Once you reach the line with "White | Lyst", copy it and every line after it exactly, up to the end of the data. Omit the pictures.

• DATA SHOWN:
- - -

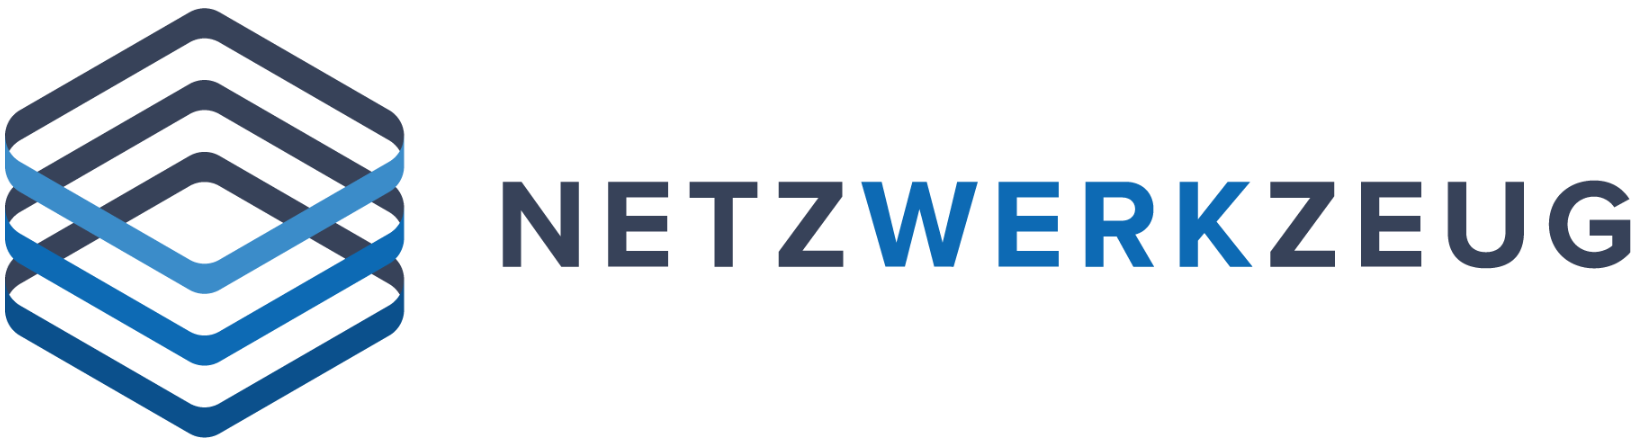 NETZWERKZEUG.com
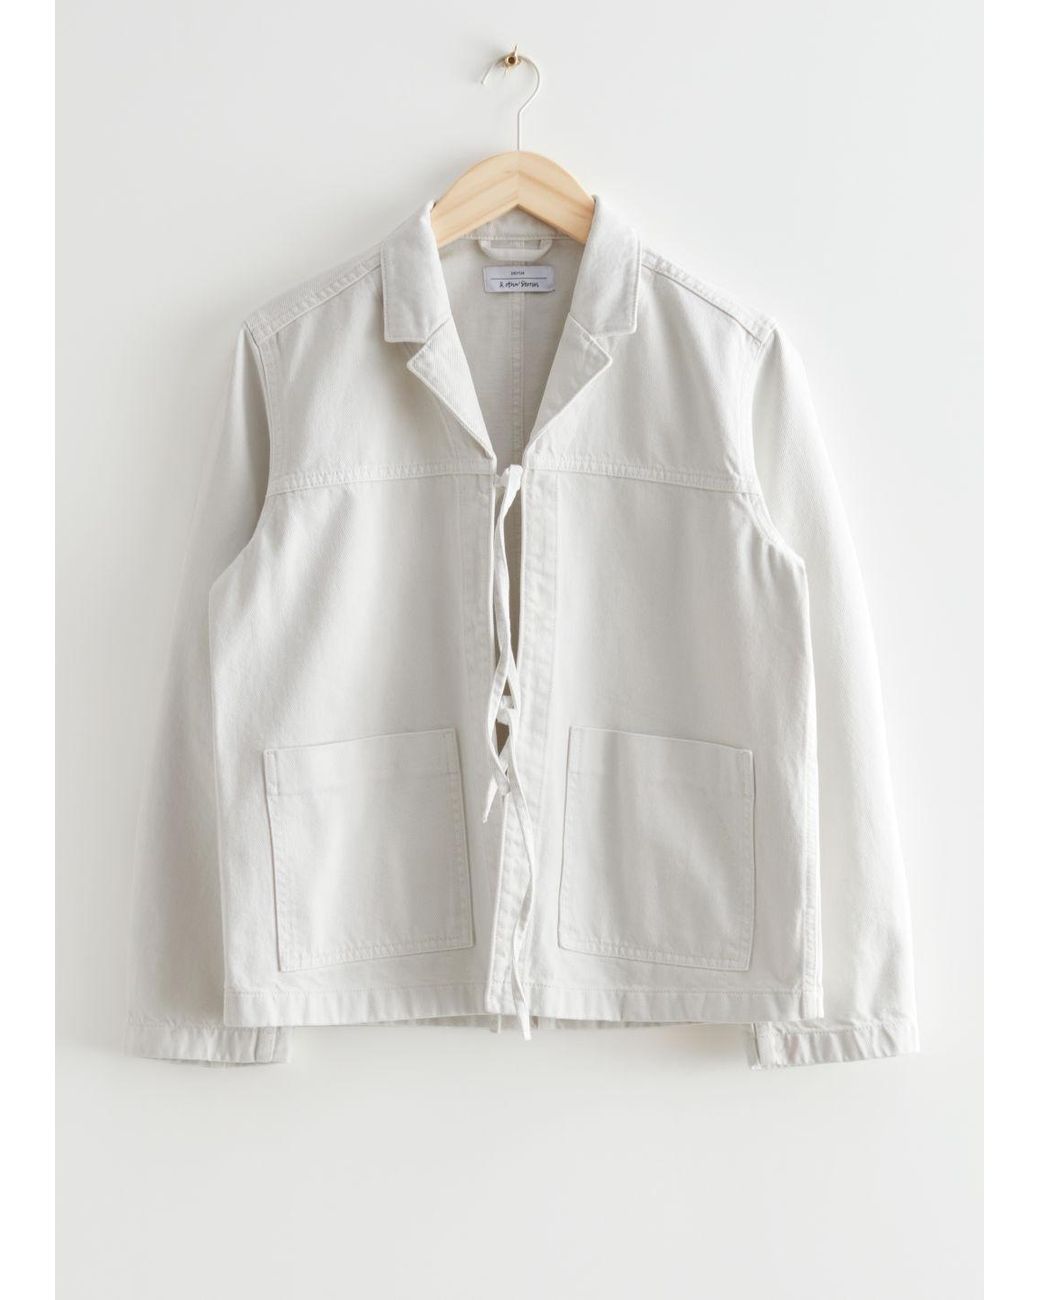 & Other Stories Front Tie Denim Jacket in White | Lyst
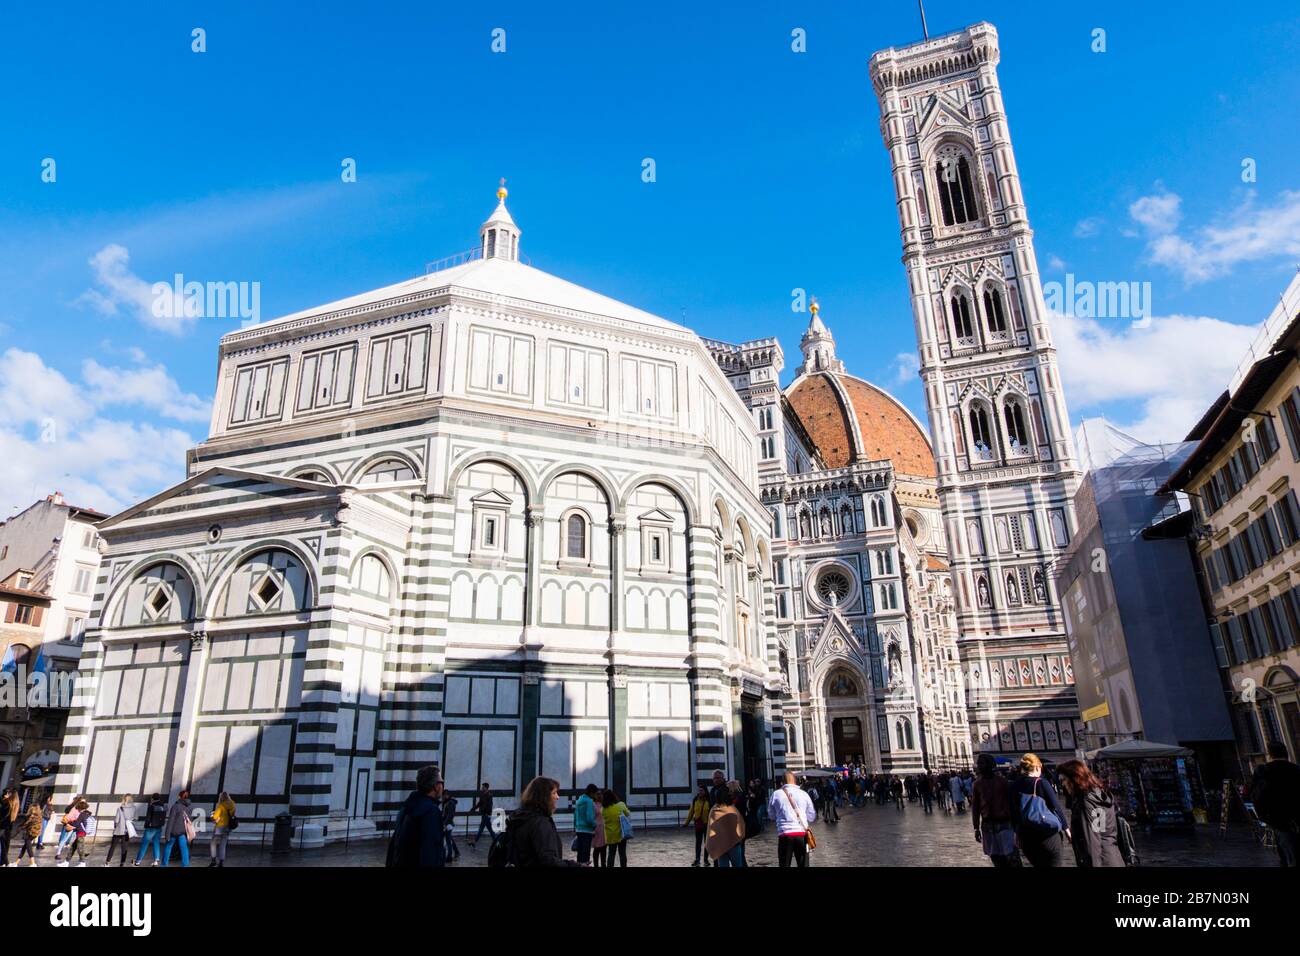 Cattedrale di Santa Maria del Fiore, Cathedral of Florence, Piazza del Duomo, Florence, Italy Stock Photo

- - -

• PROBLEM SOLUTION:
 & Other Stories Front Tie Denim Jacket in White | Lyst
 Cattedrale di Santa Maria del Fiore, Cathedral of Florence, Piazza del Duomo, Florence, Italy Stock Photo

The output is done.